Lattice Gauge Theory for Condensed Matter Physics: Ferromagnetic Superconductivity as its Example

TL;DR

This paper reviews lattice gauge theory (LGT) basics for condensed matter physics and demonstrates its application to ferromagnetic superconductivity, revealing phase diagrams and topological excitations through Monte Carlo simulations.

Contribution

It introduces LGT to condensed matter physics and applies it to ferromagnetic superconductivity, providing new insights into phase behavior and topological features.

Findings

LGT effectively models ferromagnetic superconductivity.

Monte Carlo simulations reveal complex phase diagrams.

Identification of vortices of Cooper pairs as topological excitations.

Abstract

Recent theoretical studies of various strongly-correlated systems in condensed matter physics reveal that the lattice gauge theory(LGT) developed in high-energy physics is quite a useful tool to understand physics of these systems. Knowledges of LGT are to become a necessary item even for condensed matter physicists. In the first part of this paper, we present a concise review of LGT for the reader who wants to understand its basics for the first time. For illustration, we choose the abelian Higgs model, a typical and quite useful LGT, which is the lattice verison of the Ginzburg-Landau model interacting with a U(1) gauge field (vector potential).
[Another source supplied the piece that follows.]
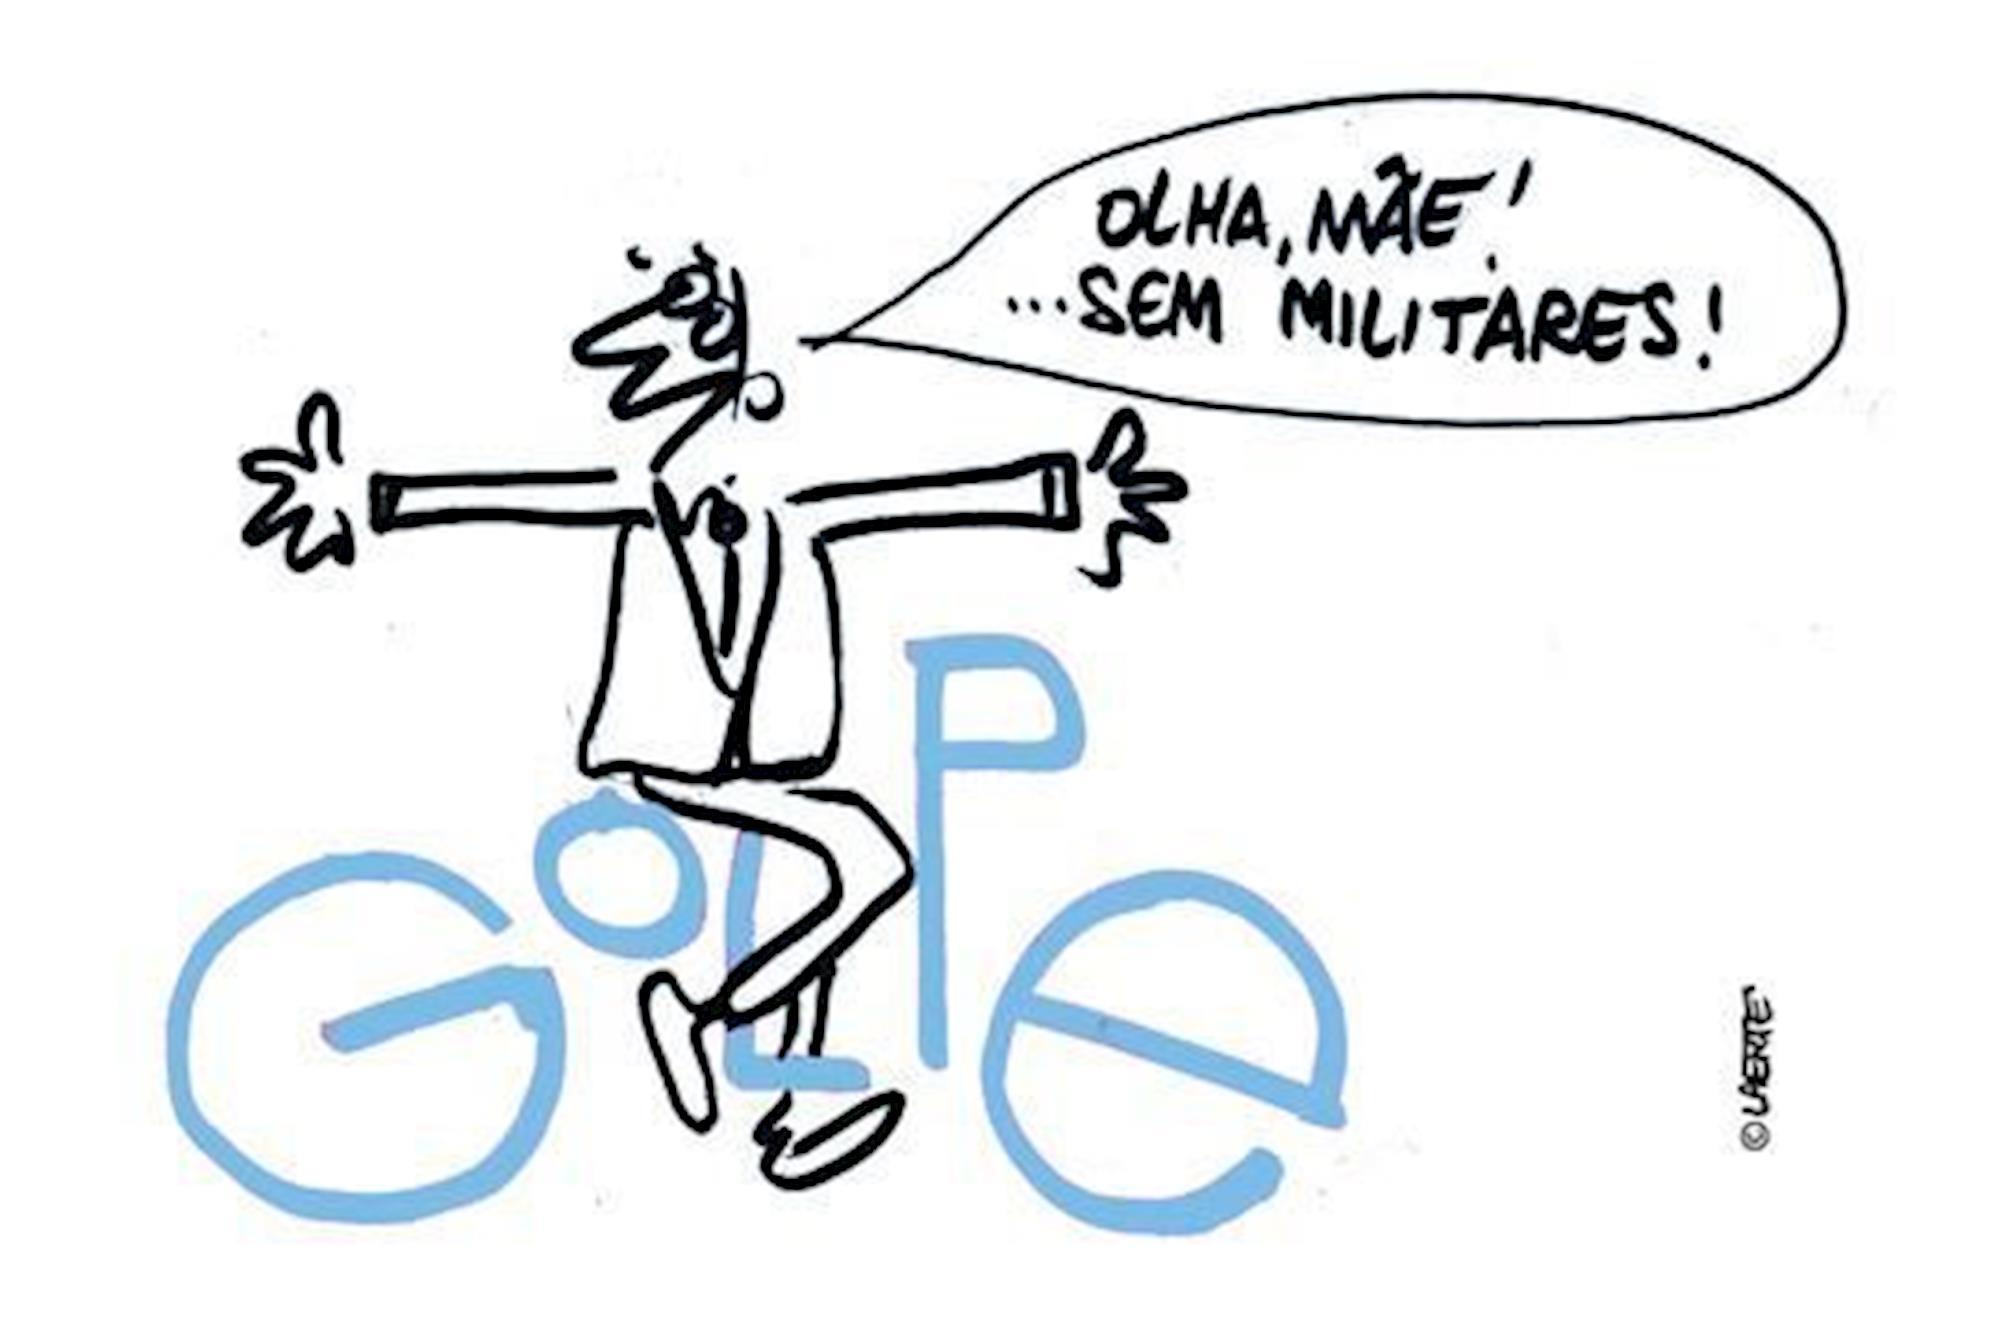 democracia, militares, editorial, 898, Laerte

In the second part, we present an account of the recent progress in the study of ferromagnetic superconductivity (SC) as an example of application of LGT to topics in condensed matter physics, . As the ferromagnetism (FM) and SC are competing orders with each other, large fluctuations are expected to take place and therefore nonperturbative methods are required for theoretical investigation. After we introduce a LGT describing the FMSC, we study its phase diagram and topological excitations (vortices of Cooper pairs) by Monte-Carlo simulations.